Setting up OpenShift 3 on OpenStack

OpenShift running on OpenStack is a popular use case and we keep coming across this setup quite often. This article explains the steps to set up OpenShift Enterprise 3 on OpenStack. This document lists instructions for a quick setup that you can execute one by one. You can also copy these commands and make your own script file. For detailed installation instructions and explanation of each command you can refer to the OpenShift Administration Guide.

This article assumes that you have an understanding of OpenShift 3 architecture and you know the OpenShift 3, Docker and Kubernetes concepts such as master, node, pod, docker image, docker container, image streams, builder images, templates, S2I et al. This article is not intended to teach OpenShift 3 concepts. It is meant for those who know about OpenShift 3, but want to know specifics of how to quickly set it up on OpenStack.

Prerequisites

  1. You will need OpenShift Enterprise subscriptions or evals on your Red Hat account. You can request them here.
  2. You will need an OpenStack environment where you can spin up your own VMs.
  3. You will need RHEL 7 image in your OpenStack environment.

Steps

Spin up host VMs on OpenStack

  1. Let us start by setting up a new security group on OpenStack by opening the ports listed  in the figure below. I named it osev3.

1 Setup Security

  1. We will use three RHEL 7 VMs. One that will run as a OpenShift master and the other two will run as OpenShift nodes. The host for master will also do the job of a node. I chose a host with 8GB RAM and 20GB disk space with 4 vCPUs for all my 4 hosts.  You can go for a little higher amount of disk space of the master.  I chose boot from image option and the RHEL 7 image.
  2. Next go to Access & Security tab and assign the osev3 security group that we added earlier. Repeat these steps for all three VMs.
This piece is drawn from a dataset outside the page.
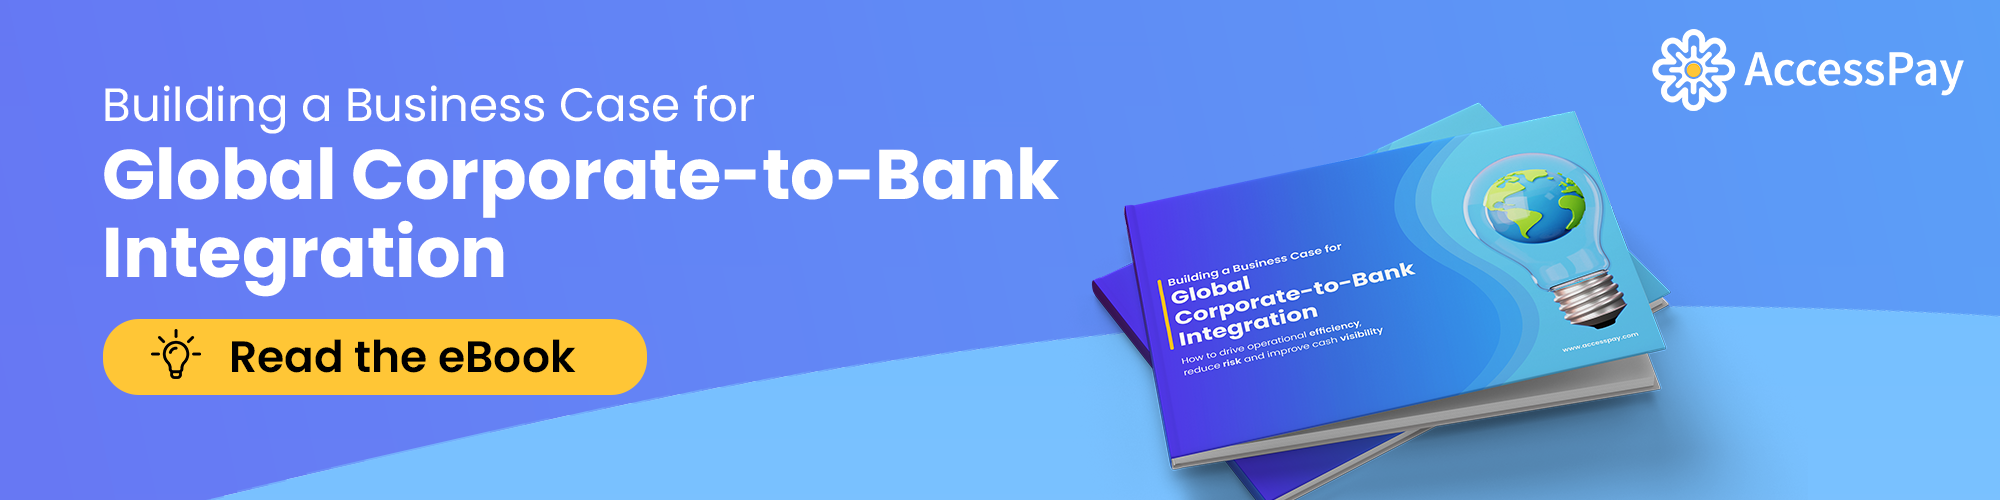 företag-till-bank-integration-ebook-cta-banner
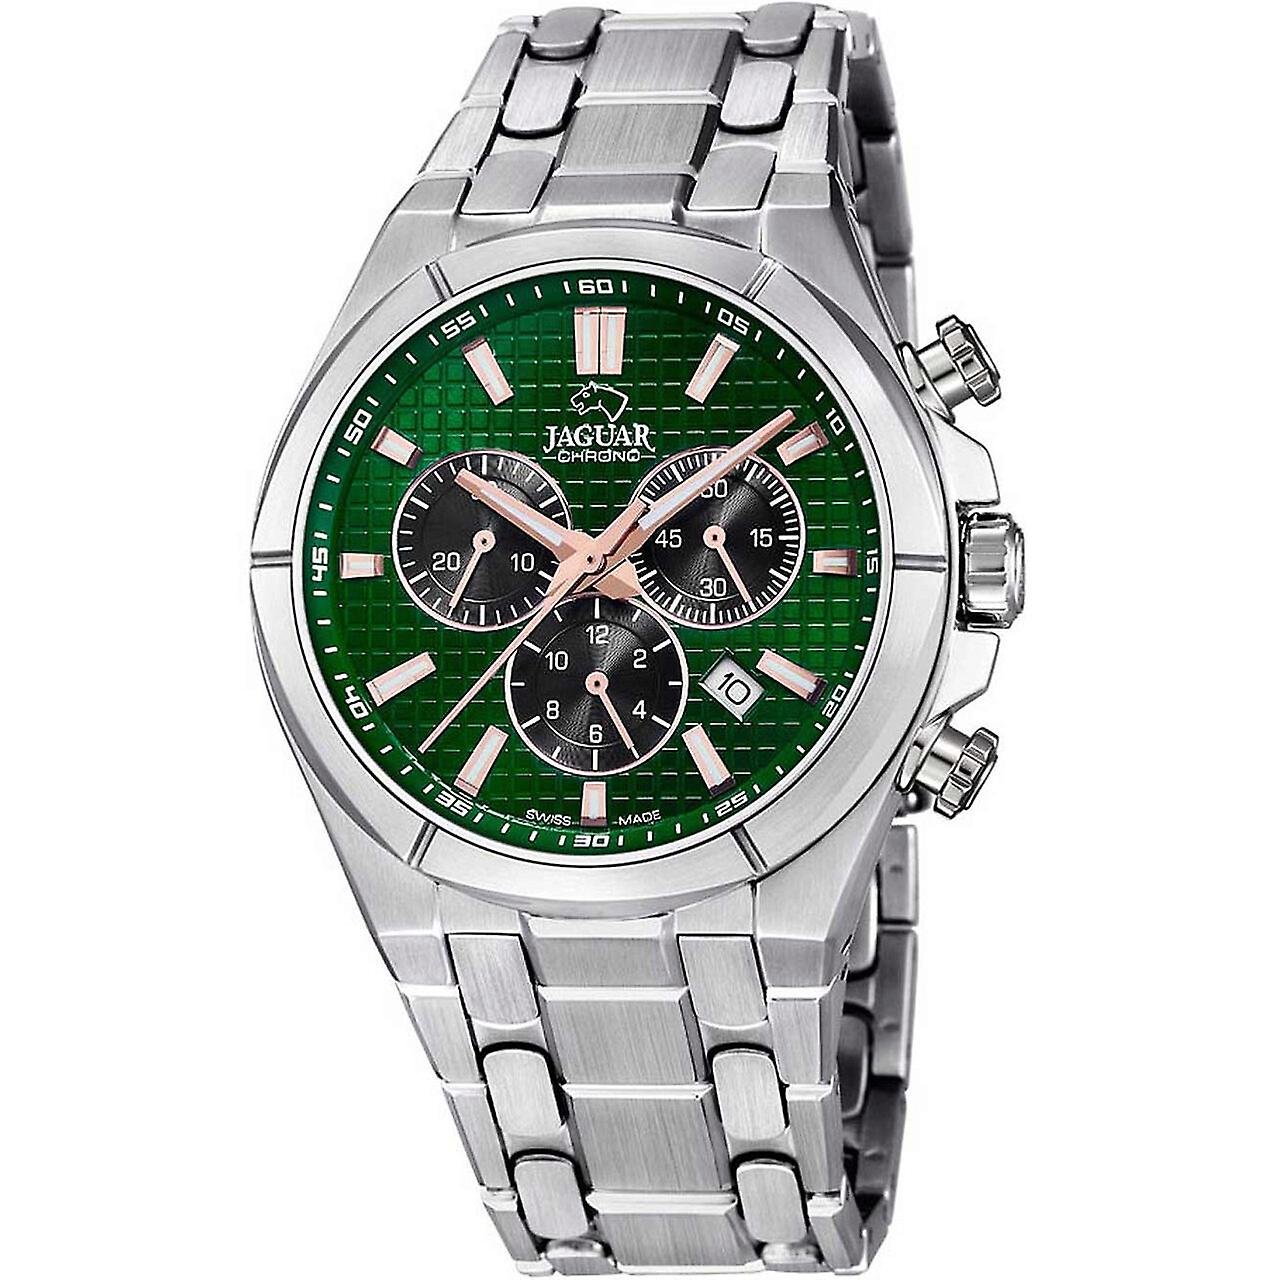 Reloj Jaguar Acamar (AY-kuh-mar) J695/3 hombre - Francisco Ortuño

I added three nodes: master, node1 and node2.

2 spinup

3. Assign security group

  1. Next we will assign the Floating IPs to these VMs. Navigate to the “Access & Security” and select “Floating IPs” tab. Allocate three floating IPs to your project and assign them to master, node1 and node2.

4. Assign Floating IP

Make a note of the floating IPs assigned to all the hosts. Now your VMs are ready from OpenStack’s point of view.

DNS Setup

  1. You should choose a domain name for your OpenShift set up make the entries for your domain in DNS.  If your domain is example.com, you would add entries for:

master.example.com to resolve to the Floating IP address assigned to the master

node1.example.com to resolve to the Floating IP address assigned to node1

node2.example.com to resolve to Floating IP address assigned to node2

Note: Replace example.com with the domain name of your choice everywhere in this document.

  1. Make an additional wildcard for a DNS zone resolve to the IP address of the OpenShift router. In this setup, we will run the OpenShift router on the master. So create a wild card DNS entry with low TTL that points to the public IP of the master as shown below:
*.example.com 300 IN A <<master floating IP>>

Prepare the all the hosts

Before we run the OpenShift installer each of the 3 VMs need to be prepared. This involves registering these hosts using subscription manager so that necessary channels can be enabled. Then we will install the packages needed for OpenShift.

  1. You will need internet access from these hosts. Specifically you should be able to reach Red Hat Network from these hosts. In my case, I had to add change /etc/hosts to be able to reach RHN. Depending on your OpenStack environment, you may NOT need this.
echo "209.132.183.44 xmlrpc.rhn.redhat.com" >> /etc/hosts
echo "23.204.148.218 content-xmlrpc.rhn.redhat.com" >> /etc/hosts
echo "209.132.183.49 subscription.rhn.redhat.com" >> /etc/hosts
echo "209.132.182.33 repository.jboss.org" >> /etc/hosts
echo "209.132.182.63 registry.access.redhat.com" >> /etc/hosts
  1.  Next run register the hosts with RedHat network running subscription-manager.  You will have to supply your RHN username and password.
subscription-manager register
  1. Find the pool-id for your OpenShift subscriptions by running the following command. Browse thru the list to find the pool-id corresponding to OpenShift V3 subscriptions.
subscription-manager list --available
  1. Attach the pool id to the host VM substituting the pool-id in the command below.
subscription-manager attach --pool <<your pool id>>
  1. Enable the following list of channels and disable the ones we don’t need. Run the “yum update”.
subscription-manager repos --disable="*"

subscription-manager repos \
--enable="rhel-7-server-rpms" \
--enable="rhel-7-server-extras-rpms" \
--enable="rhel-7-server-optional-rpms" \
--enable="rhel-server-7-ose-3.0-rpms"

yum update -y
  1. We will be changing the hostname to match with the settings in DNS. For example the hostname for master will be renamed as master.example.com. OpenStack VMs tend to lose the hostname changes when the host restarts. So we will first disable hostname changes during restart. (I gave the ‘sed’ scripts where possible instead of opening and editing files).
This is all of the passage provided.